The first "Hellraiser" movie I ever saw. "Inferno" left me scarred and
disturbed. The whole experience of watching the film was that of sheer
terror that grows with each passing minute. Now after having seen all
of the movies, read the novel and becoming accustomed the Hellraiser
mythos I recently got a chance to watch it again. To see if my opinion
on this fifth sequel changes. It didn't.
Yes "Inferno" does not follow the ideas established by Clive Barker in his novel "Hellbound Heart" which is the basis for the Hellraiser series. And yes it basically uses the status of Pinhead as a horror icon to draw an audience. But I'll be damned if I say that it is a bad film for just those reasons. "Inferno" is in fact a well constructed, technically superb sequel with an interesting plot and characters.

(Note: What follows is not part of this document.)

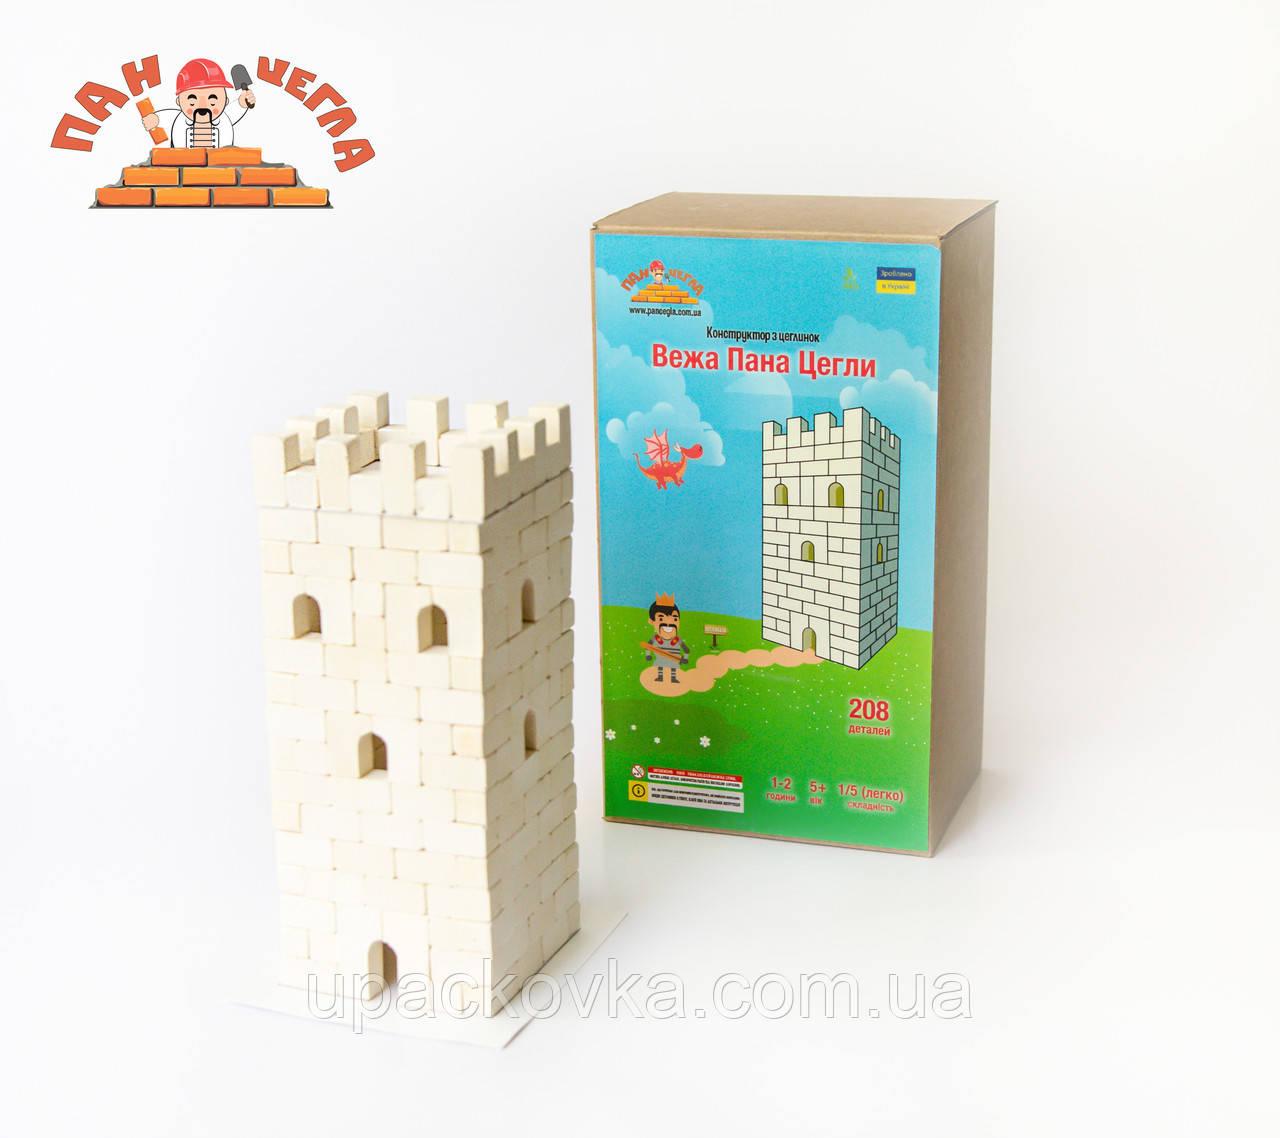 Башня Пана Цеглы
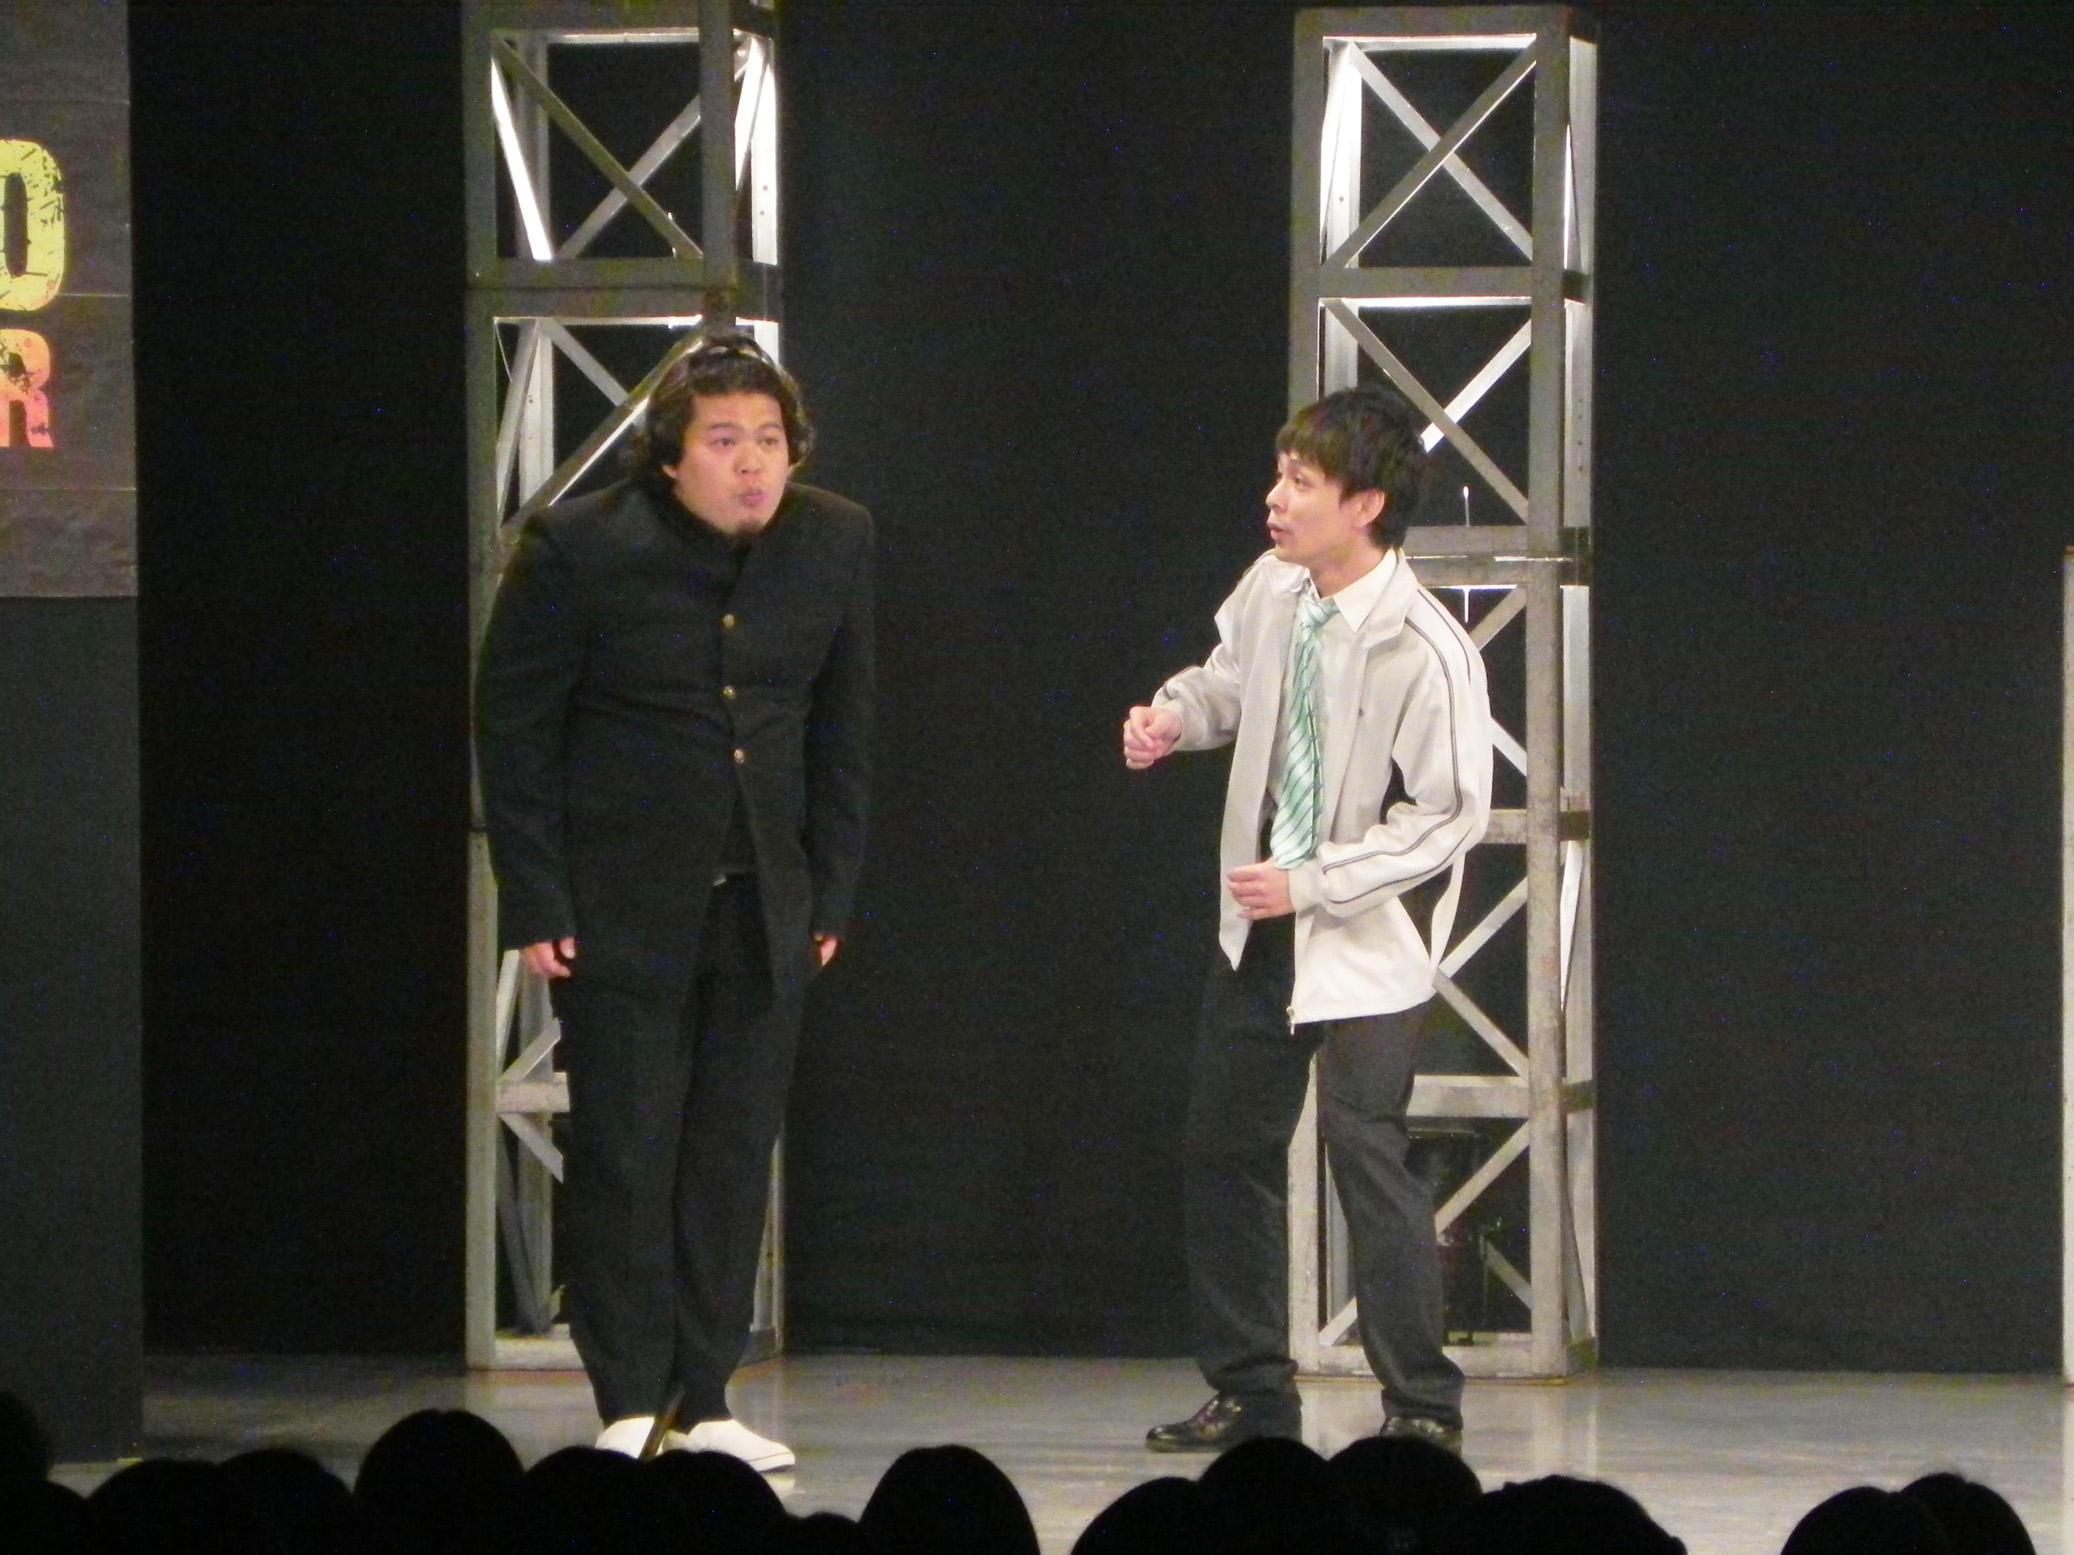 http://news.yoshimoto.co.jp/20170507154529-1ee5a979acf2d91b6ab76996cbd5cac8242e6720.jpg

The film centers on Joseph Thorne played by Craig Sheffer. A brilliant but corrupt detective who during a homicide investigation comes into the possession Lemarchand Configuration. He opens the box and then it begins. Reality for Thorne soon turns into a nightmare that grows more and more powerful as his investigation leads him towards a mysterious figure known only as The Engineer.
"Inferno" explores the possibilities of redemption. Sheffer's character is certainly a very flawed individual and he knows it. But his determination to solve the case and hopefully save a human life is in his mind the path to redeeming himself, in front of his own eyes, his family, and those around him. Sheffer delivers a convincing performance which greatly helps in solidifying the idea. Other members of the cast include Nicholas Turturro playing Thorne's naive and honest partner Tony Nenonen, James Remar as a doctor Paul Gregory a psychiatrist and good old Doug Bradley once again playing his iconic role as the rational sadistic demon, Pinhead.
Visually speaking "Inferno" is as impressive as the first two "Hellraiser" movies. Gone are the b-movie quality effects and Cenobite designs which played part in the failure of the third and fourth films. Pinhead's image is not overused and he only appears during the final portion of the film when the nightmarish atmosphere is at it's highest. Delivering the final crucial blow to Thorne's broken psyche. The new cenobites are freakishly well done, and cleverly fit in to the movie's psychological character driven plot.
Severely underrated Scott Derrickson directed a great horror film that leaves strong a impression. Like a never-ending nightmare it keeps you constantly on the edge, expecting the unexpected.